Jaspar is like a great big fluffy teddy bear and a family and guest favourite. He loves cuddles and especially his top lip being tickled! He seems to grow through the winter when he gets his wooly bear coat, then slims down to super slinky Jaspar in the summer!
Shetland ponies are a small hard working breed that has been around for more than 2000 years. For their size they are the strongest of all horse breeds and were well used throughout the UK, and especially in the North east of England as pit ponies. Thank you to the Shetland Pony Stud Book Society for the background to this remarkable breed - http://www.shetlandponystudbooksociety.co.uk/about-the-breed.

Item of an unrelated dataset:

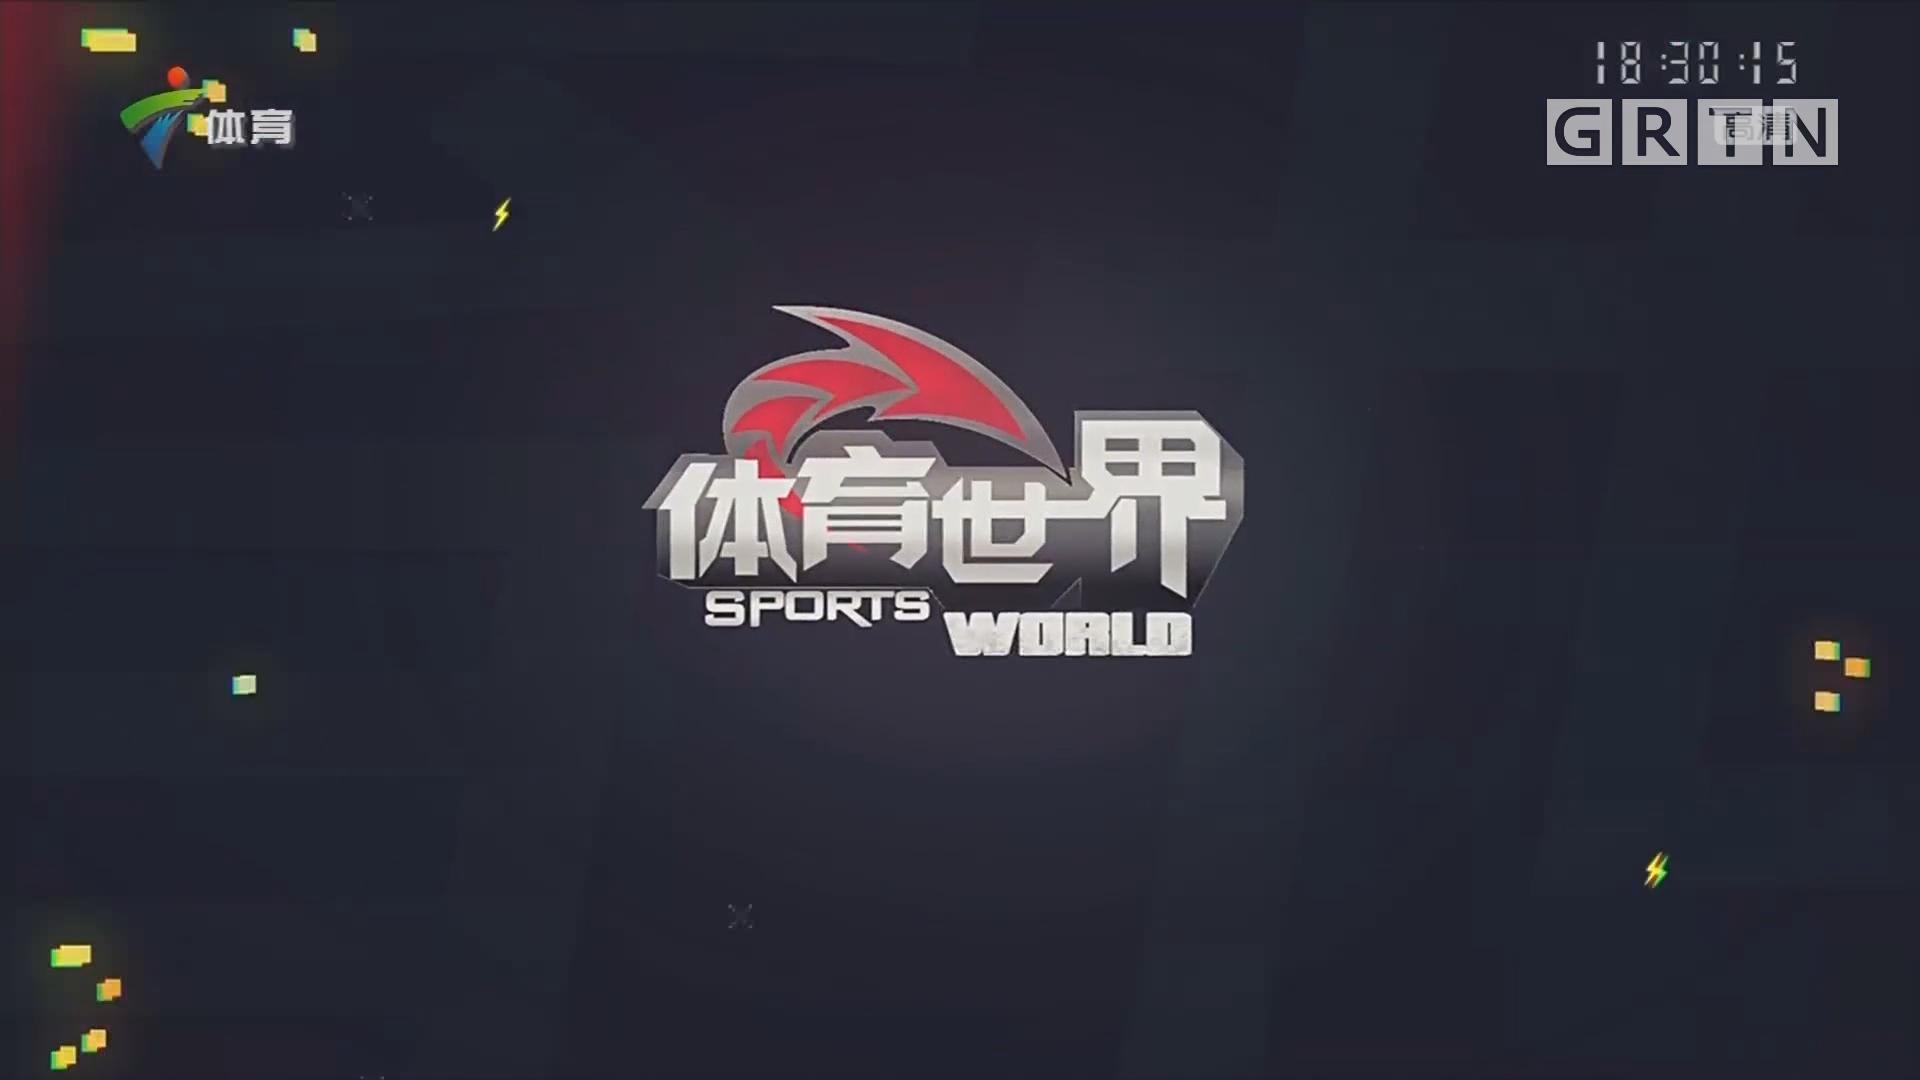 [HD][2019-03-13]体育世界:第29届大冬会闭幕 中国代表团位列金牌榜第14名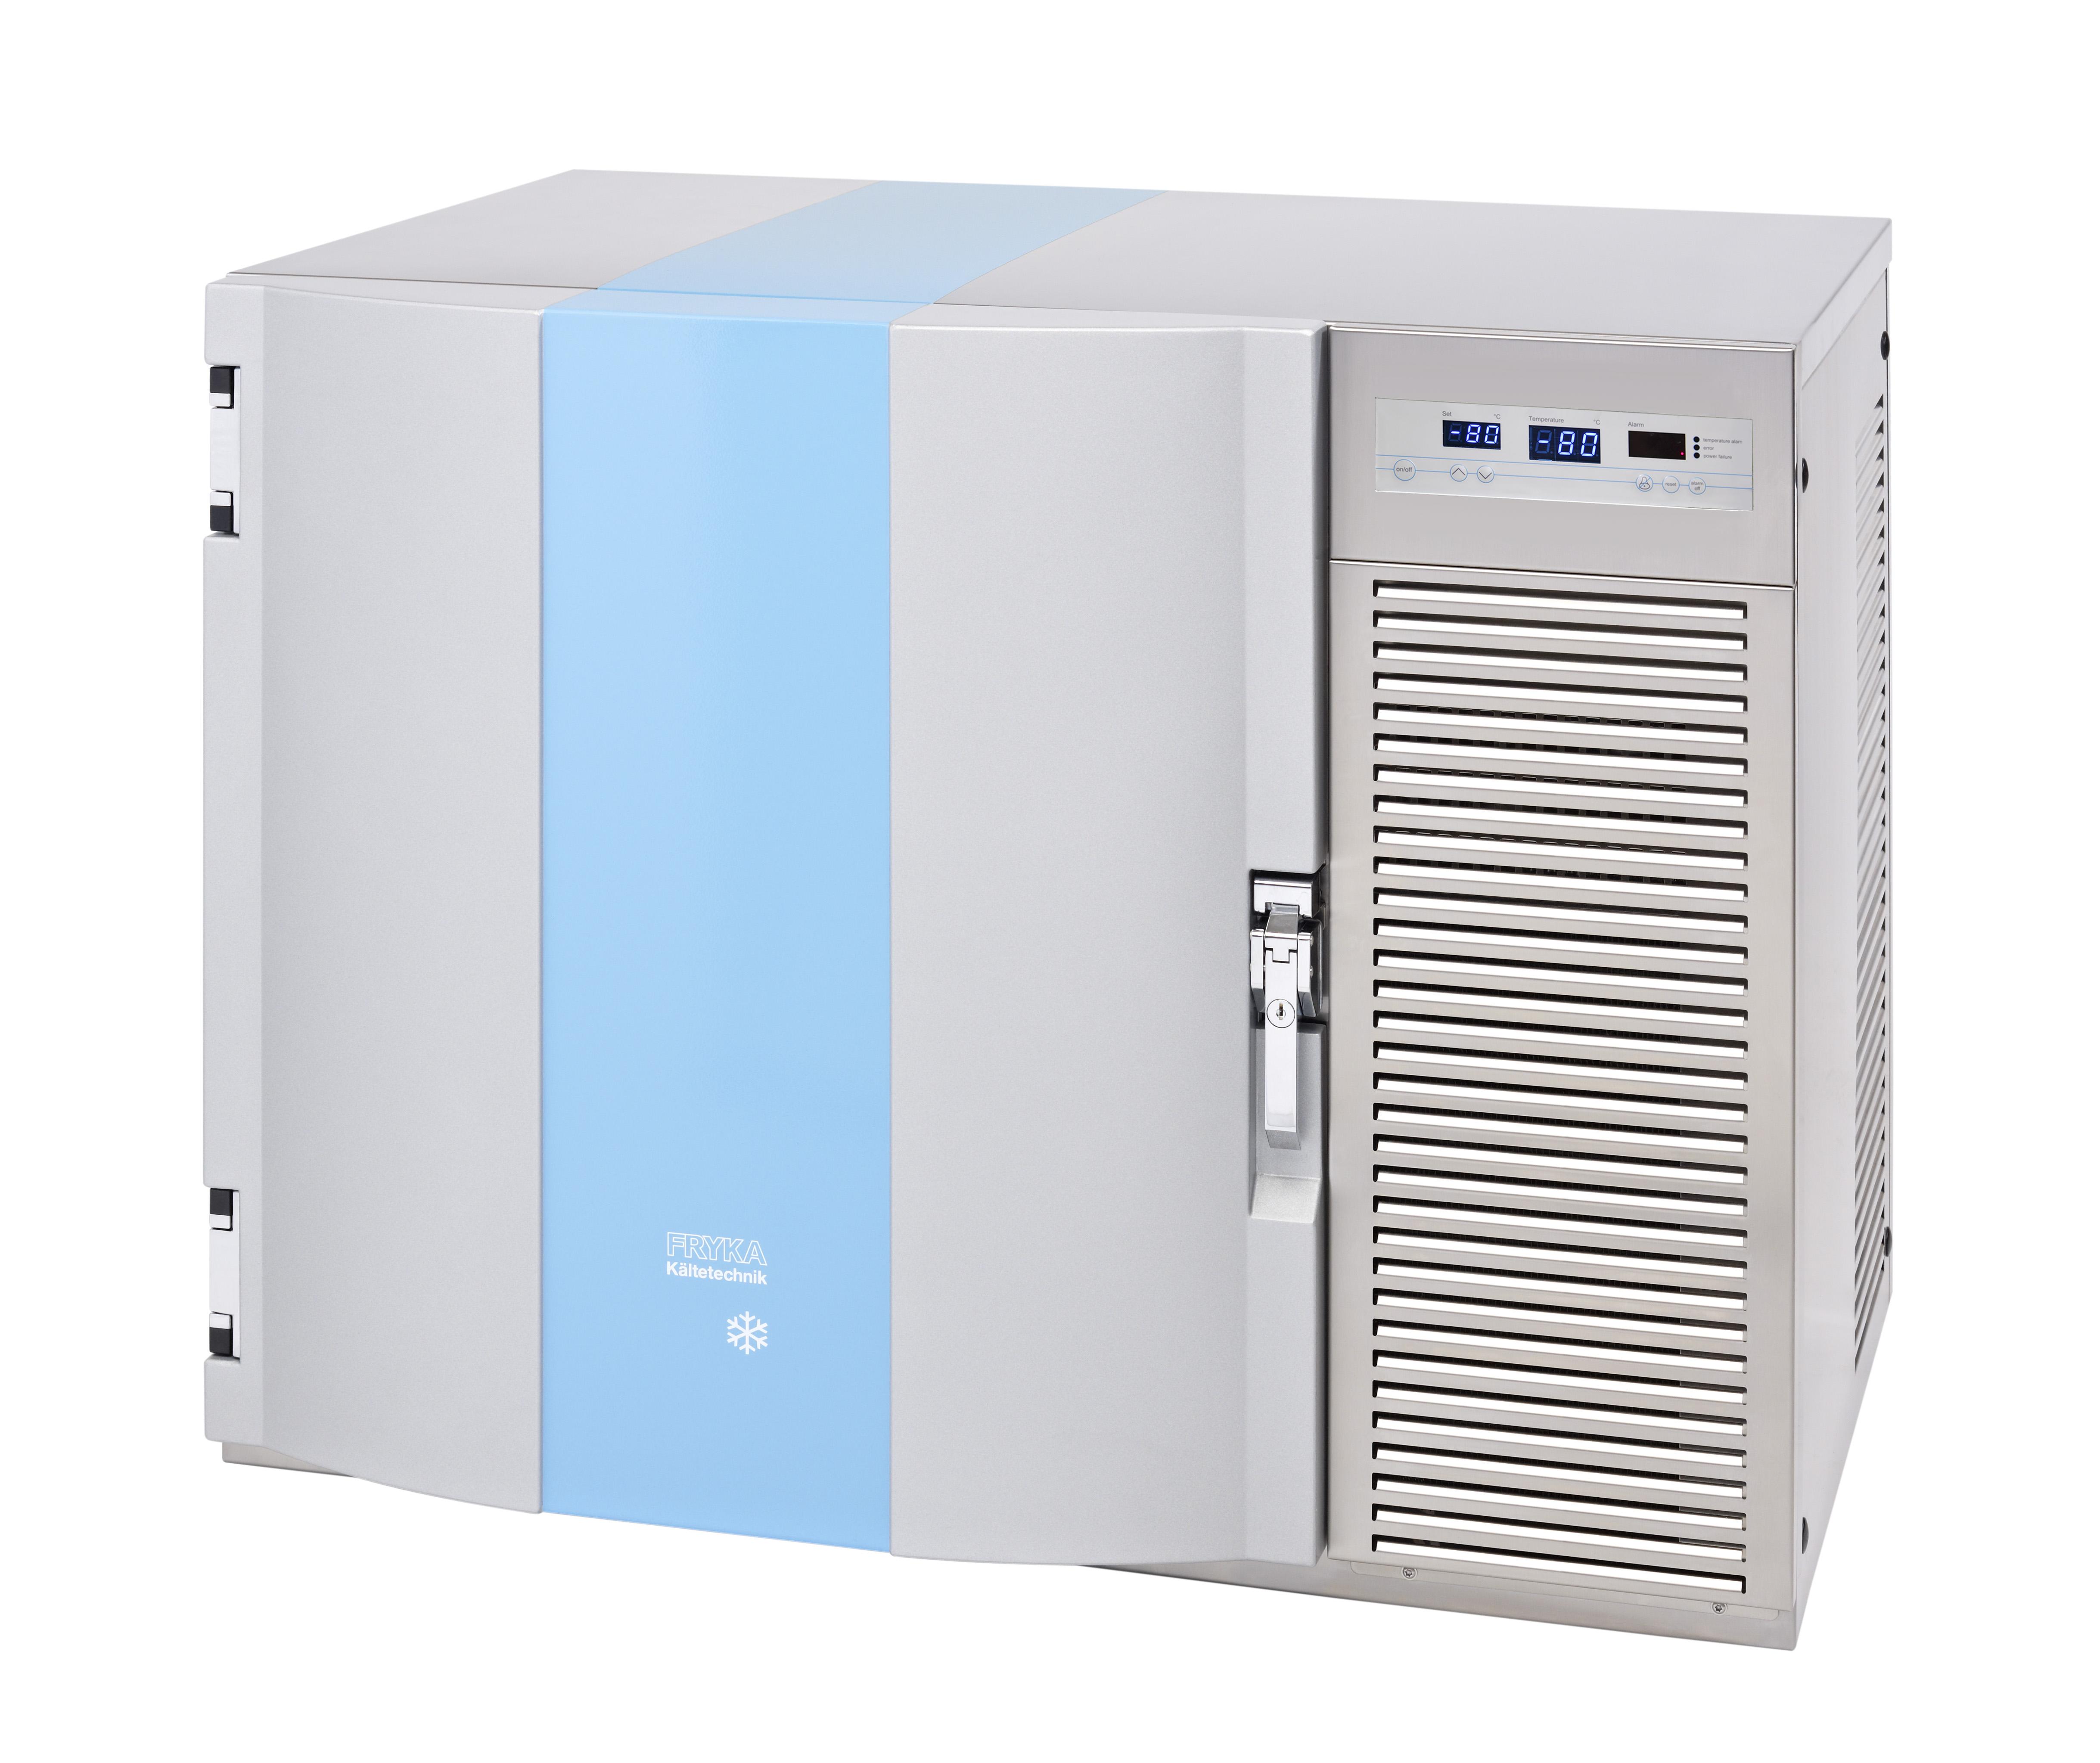 FRYKA Tiefkühlbox TUS 50-100 (-10?C bis -50?C)

We are so grateful to have this little man. He was abandoned in a farmers field when the poor farmer went out of business. A passing vet pulled over a farm worker in a nearby field and asked if he knew who the pony belonged to because if he was not taken off the grass immediately he would die! He was so fat and could barely move. Apparently (according to our farrier Mick) Shetlands will walk all day in their native country for a few blades of rough grass. When not in their natural habitat, Shetlands, with their barrel belly, are very greedy, and prone to obesity and laminitis. Laminitis is a nasty disorder for horses. According to Wikipedia, laminitis is a progressive disease that can eventually lead to the horse having to be put to sleep. It does not just affect horses surprisingly, but any ungulates, although horses seem more prone. For more information on laminitis, please check out http://en.wikipedia.org/wiki/Laminitis. In Jaspar's case, the kindly farm worker rescued him and took him off the field to his own smaller garden to graze.
As luck would have it, the farm worker was none other than our own guardian shepherd Sinky (of the Thank Ewe blog fame https://www.blogger.com/blogger.g?blogID=8040445772055115604#editor/target=post;postID=7016434076975598527;onPublishedMenu=allposts;onClosedMenu=allposts;postNum=3;src=postname).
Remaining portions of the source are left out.